Шрифт:
Интервал:
Закладка:
Он бежал так долго, так долго. И если бы он держал свой темп ровным, размеренным, умеренным, он мог бы продолжать идти еще дольше. Но сейчас все было по-другому. Он бежал, как гепард. А гепард бежал недолго.
Симел замедлил шаг, и на этот раз он не притворялся.
Головная боль Евы стала невыносимой. Она попыталась позвать официантку, чтобы та принесла ей еще воды, но когда попыталась заговорить, то не смогла расслышать себя из-за криков, аплодисментов и топота ног толпы. В ушах у нее стоял рев, как будто прибой разбивался о берег, и она была ослеплена мерцающим ощущением, как будто кто-то светил ей прямо в глаза.
Она вскрикнула: "Помогите! но звук, вырвавшийся из ее рта, был слабым, бессвязным стоном.
Мгновение спустя мимо ее стула прошла официантка, и крика ужаса, который она издала, было достаточно, чтобы прорваться сквозь шум вокруг нее. Дюжина или около того людей, набившихся на веранду, обернулись и с ужасом увидели женщину, беспомощно, бессознательно дергающуюся, как марионетка в руках безумного кукольника, в то время как темно-красное пятно расползалось по ее юбке.

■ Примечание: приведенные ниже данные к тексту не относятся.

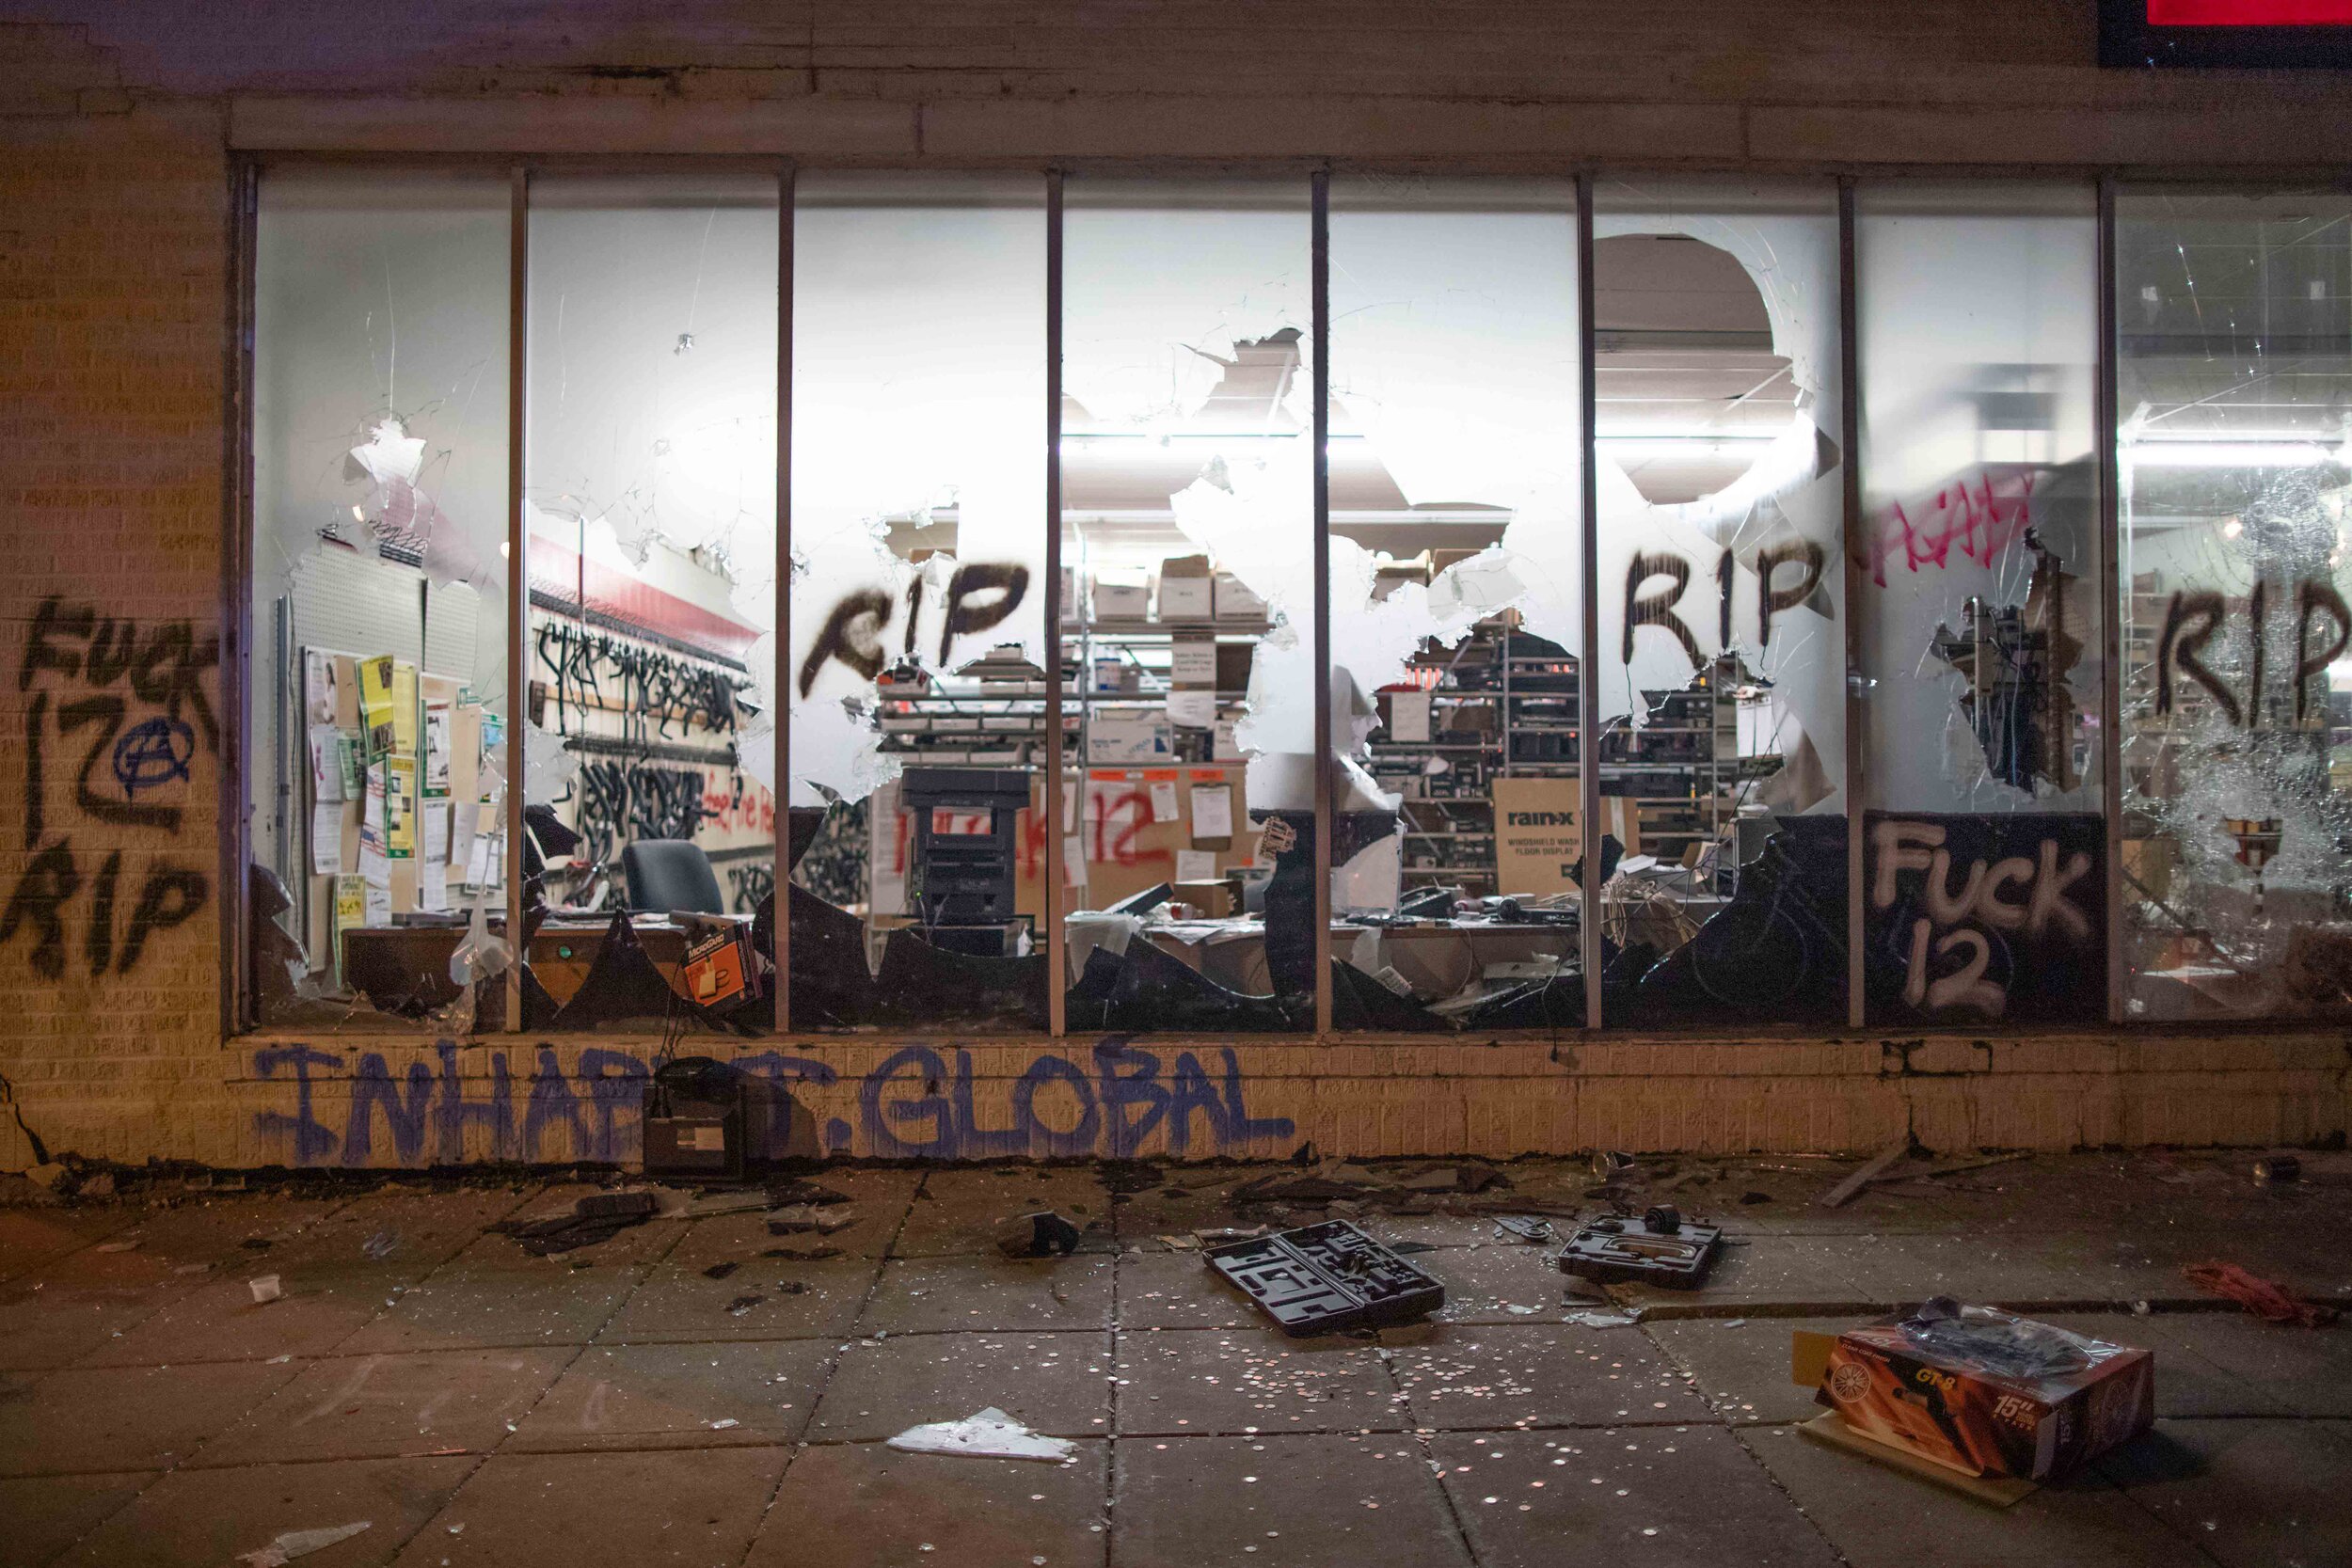  The windows of an O'Reily Auto Parts in Minneapolis sit mostly shattered with graffiti on parts of it. Looters broke into the store during a riot over the police killing of George Floyd in Minneapolis, Minnesota on May 28.

- Доктор!- крикнул мужской голос. ‘Ради Бога, кто-нибудь, вызовите врача!’
Ван Доорн был на пределе своих физических возможностей. Но он видел, как маленький человек привязывается, и понимал, что если бы он мог продолжать идти, хотя бы очень недолго, то все еще мог бы одержать победу.
Но сможет ли он продолжать? Он очень страдал от солнца, жары и недостатка воды. Во рту у него пересохло, а в уголках губ образовалась корка высохшей белой пены. Он почувствовал головокружение, его зрение начало расплываться по краям, и в ушах раздался резкий звук, как будто он был на грани обморока.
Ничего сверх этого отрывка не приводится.